— Что вы себе позволяете, — наконец опомнившись, произнесла женщина.
— Я думал — цыгане, дети побираются, — смутившись, замямлил я. — Я не понял, вы извините, там цыгане, я думал и вы… — Не договорив, резко развернувшись, я зашагал прочь из перехода, ничего не видя и не слыша. Ускоряя шаг, я смотрел в одну точку, только вперед, шепча: — Идиот, мать купила дочери туфельки, а я… идиот; быстрее отсюда, быстрее… идиот… стыд-то какой.
И сейчас я стоял возле двери вагона, ладонью упершись в стекло, и мысленно подгонял поезд — быстрее, быстрее же, когда же эта… станция.

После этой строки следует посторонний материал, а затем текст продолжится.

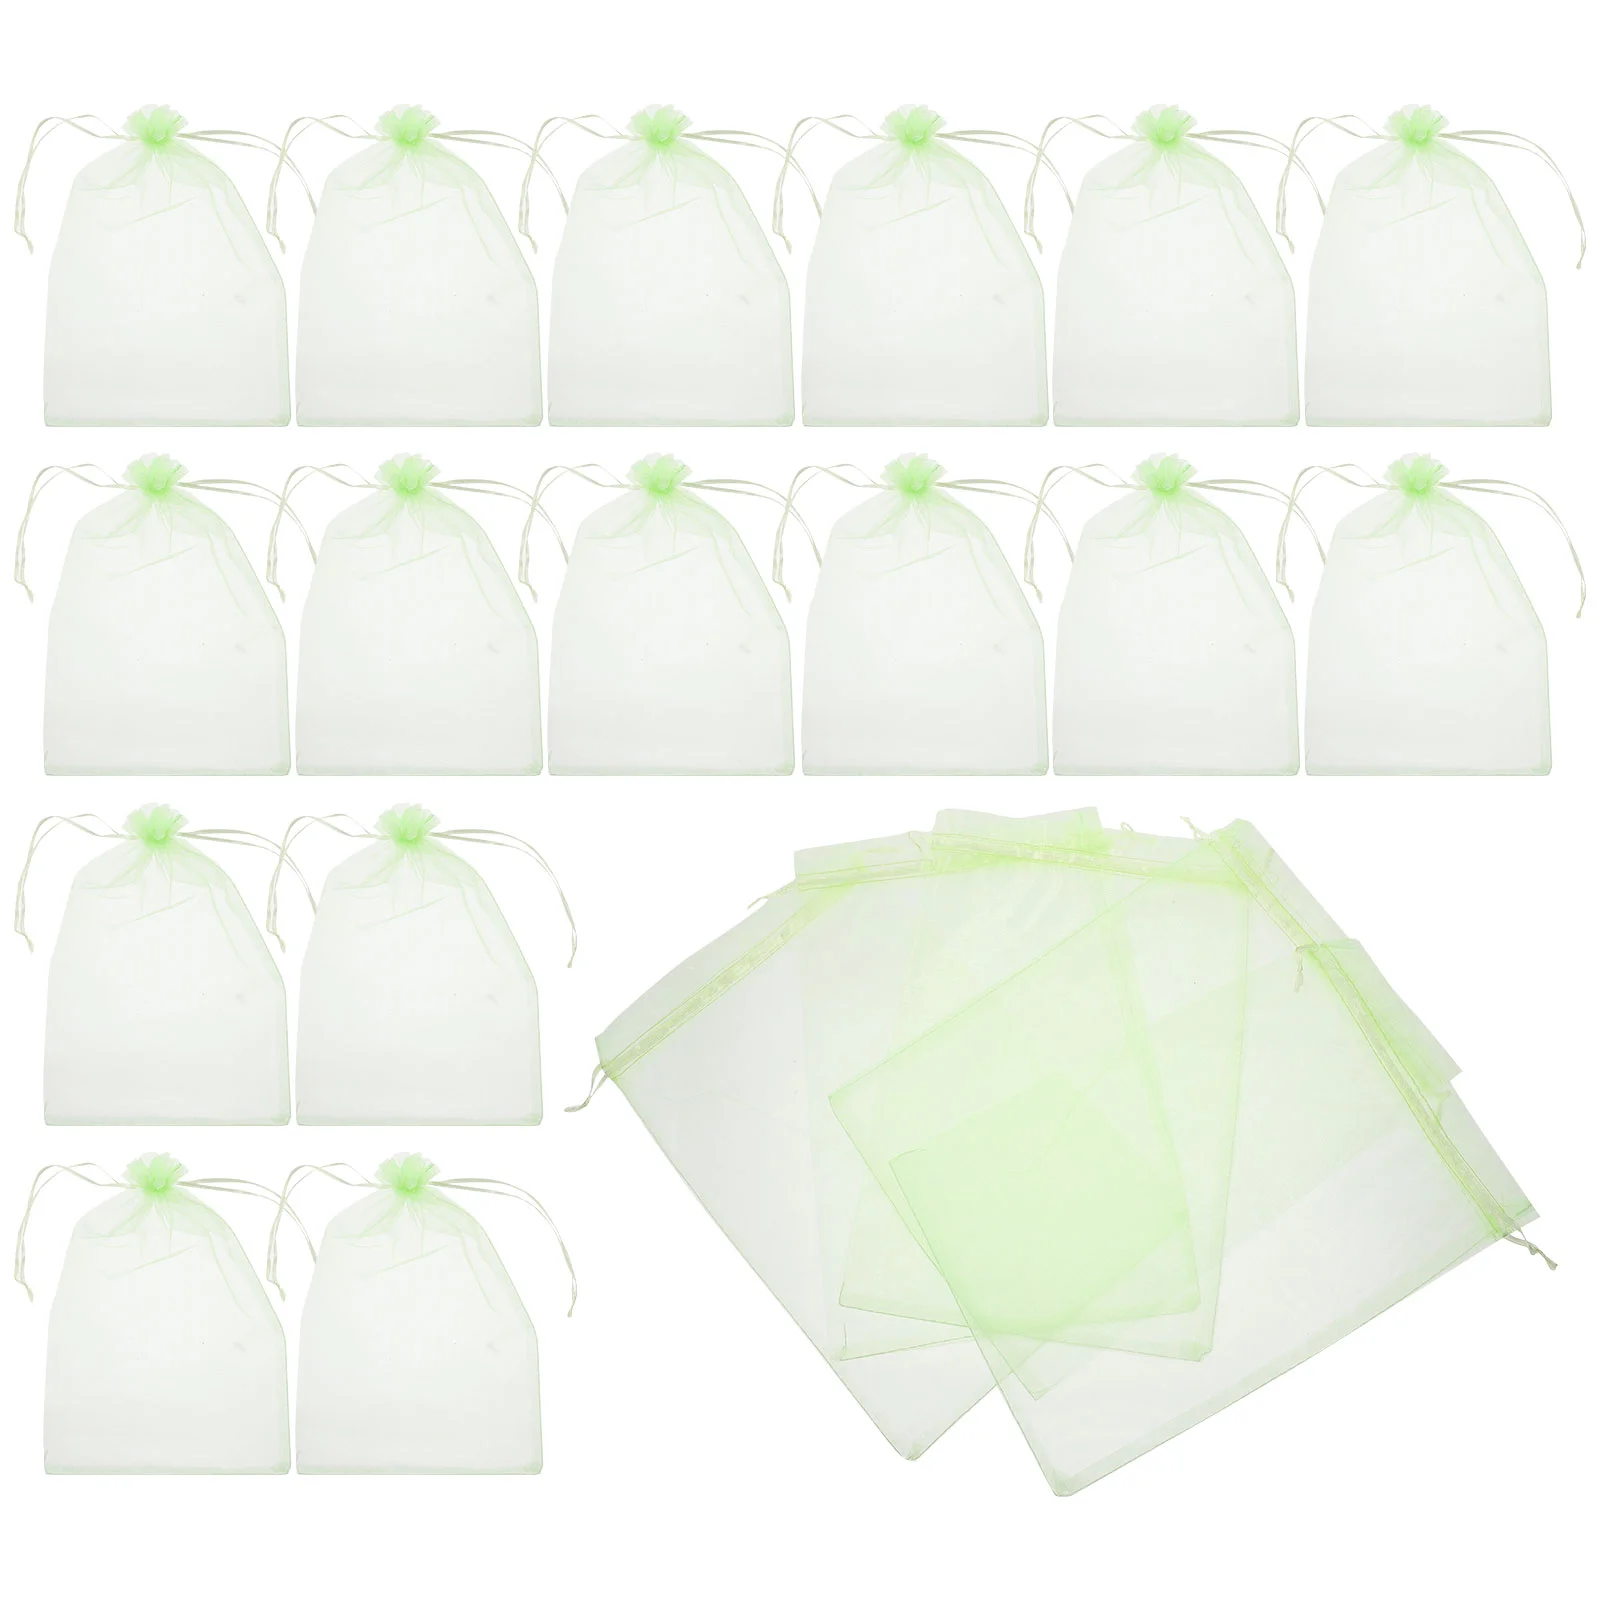 

50 Pcs Fruit Protection Bag Strawberry Plants Garden Supplies Netting Barrier Mesh Multifunction Organza Cover Bags

И — конечно! — этой станцией оказалась «Войковская»! Я даже не заметил, куда следует поезд, когда входил в этот треклятый вагон! Но и оставаться больше в вагоне я не мог. Я вышел.
Само собой, первым, о ком я подумал, оказавшись на платформе, был Морозов. Я был уверен, что непременно увижу его здесь, сейчас, вот именно сейчас. Подошел поезд, следовавший в центр. К черту Морозова. Я вбежал в этот поезд.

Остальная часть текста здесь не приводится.